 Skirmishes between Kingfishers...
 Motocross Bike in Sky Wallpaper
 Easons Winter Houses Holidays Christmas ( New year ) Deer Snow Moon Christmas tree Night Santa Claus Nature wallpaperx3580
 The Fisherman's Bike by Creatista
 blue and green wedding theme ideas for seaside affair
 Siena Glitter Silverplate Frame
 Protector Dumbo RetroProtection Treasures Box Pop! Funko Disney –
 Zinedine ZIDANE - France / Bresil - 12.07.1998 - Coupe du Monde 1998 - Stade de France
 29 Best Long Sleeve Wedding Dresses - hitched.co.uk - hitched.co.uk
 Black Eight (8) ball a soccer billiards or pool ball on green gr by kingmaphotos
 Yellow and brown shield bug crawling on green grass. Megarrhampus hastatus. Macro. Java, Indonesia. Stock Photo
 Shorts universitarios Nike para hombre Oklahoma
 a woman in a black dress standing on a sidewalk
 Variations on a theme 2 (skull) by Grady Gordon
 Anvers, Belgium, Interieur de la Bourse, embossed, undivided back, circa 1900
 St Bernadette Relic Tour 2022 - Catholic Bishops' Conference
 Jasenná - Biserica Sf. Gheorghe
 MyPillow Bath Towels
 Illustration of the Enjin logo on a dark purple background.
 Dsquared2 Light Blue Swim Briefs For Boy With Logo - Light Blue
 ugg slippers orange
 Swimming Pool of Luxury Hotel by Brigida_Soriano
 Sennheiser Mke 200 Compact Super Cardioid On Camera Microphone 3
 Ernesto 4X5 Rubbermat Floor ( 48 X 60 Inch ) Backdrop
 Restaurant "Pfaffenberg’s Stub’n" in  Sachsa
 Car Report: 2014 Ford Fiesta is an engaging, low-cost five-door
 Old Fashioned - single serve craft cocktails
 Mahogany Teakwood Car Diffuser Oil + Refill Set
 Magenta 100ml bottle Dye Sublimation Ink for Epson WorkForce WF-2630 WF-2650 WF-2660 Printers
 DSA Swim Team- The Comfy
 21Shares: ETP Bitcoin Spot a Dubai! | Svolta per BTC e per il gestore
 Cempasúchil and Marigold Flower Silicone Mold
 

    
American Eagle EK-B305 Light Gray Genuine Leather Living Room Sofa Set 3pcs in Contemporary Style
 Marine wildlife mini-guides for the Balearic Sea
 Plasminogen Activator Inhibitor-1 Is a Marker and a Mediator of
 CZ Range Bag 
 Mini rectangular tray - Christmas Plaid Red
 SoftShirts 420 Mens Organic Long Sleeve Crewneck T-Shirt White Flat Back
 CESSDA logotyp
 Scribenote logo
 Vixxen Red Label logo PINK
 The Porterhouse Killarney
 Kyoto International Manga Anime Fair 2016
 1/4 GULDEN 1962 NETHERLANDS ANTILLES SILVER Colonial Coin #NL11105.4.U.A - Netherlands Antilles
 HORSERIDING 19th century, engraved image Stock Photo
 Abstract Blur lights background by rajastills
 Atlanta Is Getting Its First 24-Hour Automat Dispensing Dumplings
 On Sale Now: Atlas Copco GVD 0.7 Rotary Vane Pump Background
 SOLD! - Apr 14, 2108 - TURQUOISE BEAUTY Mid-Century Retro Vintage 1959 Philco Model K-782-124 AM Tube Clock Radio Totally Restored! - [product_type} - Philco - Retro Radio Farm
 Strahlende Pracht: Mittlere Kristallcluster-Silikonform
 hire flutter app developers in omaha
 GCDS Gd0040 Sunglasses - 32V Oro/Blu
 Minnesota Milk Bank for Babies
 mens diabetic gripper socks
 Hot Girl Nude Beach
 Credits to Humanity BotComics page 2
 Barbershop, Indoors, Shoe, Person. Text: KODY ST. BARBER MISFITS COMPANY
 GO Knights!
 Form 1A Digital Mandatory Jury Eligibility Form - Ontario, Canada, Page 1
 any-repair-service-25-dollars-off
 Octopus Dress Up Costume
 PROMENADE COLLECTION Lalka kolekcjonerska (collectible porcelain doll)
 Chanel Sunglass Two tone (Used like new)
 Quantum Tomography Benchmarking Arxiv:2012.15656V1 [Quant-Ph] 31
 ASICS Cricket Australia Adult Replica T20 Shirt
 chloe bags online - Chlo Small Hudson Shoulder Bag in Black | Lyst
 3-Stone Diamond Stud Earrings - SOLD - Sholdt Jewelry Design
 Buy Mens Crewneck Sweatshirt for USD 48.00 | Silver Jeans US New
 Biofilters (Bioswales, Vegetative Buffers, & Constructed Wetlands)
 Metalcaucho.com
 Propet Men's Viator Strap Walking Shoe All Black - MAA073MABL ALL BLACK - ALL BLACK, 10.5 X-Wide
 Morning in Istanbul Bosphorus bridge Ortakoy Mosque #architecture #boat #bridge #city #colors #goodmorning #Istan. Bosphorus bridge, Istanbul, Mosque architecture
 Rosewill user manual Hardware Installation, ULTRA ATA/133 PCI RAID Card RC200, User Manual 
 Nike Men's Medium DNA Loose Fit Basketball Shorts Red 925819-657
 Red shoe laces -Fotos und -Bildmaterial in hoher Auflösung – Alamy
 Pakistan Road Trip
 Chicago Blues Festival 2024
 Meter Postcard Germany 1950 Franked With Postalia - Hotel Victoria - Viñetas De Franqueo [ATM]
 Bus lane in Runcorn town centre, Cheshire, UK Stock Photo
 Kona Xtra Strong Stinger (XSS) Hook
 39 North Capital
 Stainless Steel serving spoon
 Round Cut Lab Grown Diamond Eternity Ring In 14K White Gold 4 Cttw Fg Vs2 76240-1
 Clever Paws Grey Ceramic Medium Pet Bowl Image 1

####################

→ TASK DETAILS:
Retype exactly the span of lines from the one with "Anvers, Belgium, Interieur" through the one with "Cempasúchil and Marigold"; include both ends and omit the rest of the material.

→ RESULT OF THIS TASK:
 Anvers, Belgium, Interieur de la Bourse, embossed, undivided back, circa 1900
 St Bernadette Relic Tour 2022 - Catholic Bishops' Conference
 Jasenná - Biserica Sf. Gheorghe
 MyPillow Bath Towels
 Illustration of the Enjin logo on a dark purple background.
 Dsquared2 Light Blue Swim Briefs For Boy With Logo - Light Blue
 ugg slippers orange
 Swimming Pool of Luxury Hotel by Brigida_Soriano
 Sennheiser Mke 200 Compact Super Cardioid On Camera Microphone 3
 Ernesto 4X5 Rubbermat Floor ( 48 X 60 Inch ) Backdrop
 Restaurant "Pfaffenberg’s Stub’n" in  Sachsa
 Car Report: 2014 Ford Fiesta is an engaging, low-cost five-door
 Old Fashioned - single serve craft cocktails
 Mahogany Teakwood Car Diffuser Oil + Refill Set
 Magenta 100ml bottle Dye Sublimation Ink for Epson WorkForce WF-2630 WF-2650 WF-2660 Printers
 DSA Swim Team- The Comfy
 21Shares: ETP Bitcoin Spot a Dubai! | Svolta per BTC e per il gestore
 Cempasúchil and Marigold Flower Silicone Mold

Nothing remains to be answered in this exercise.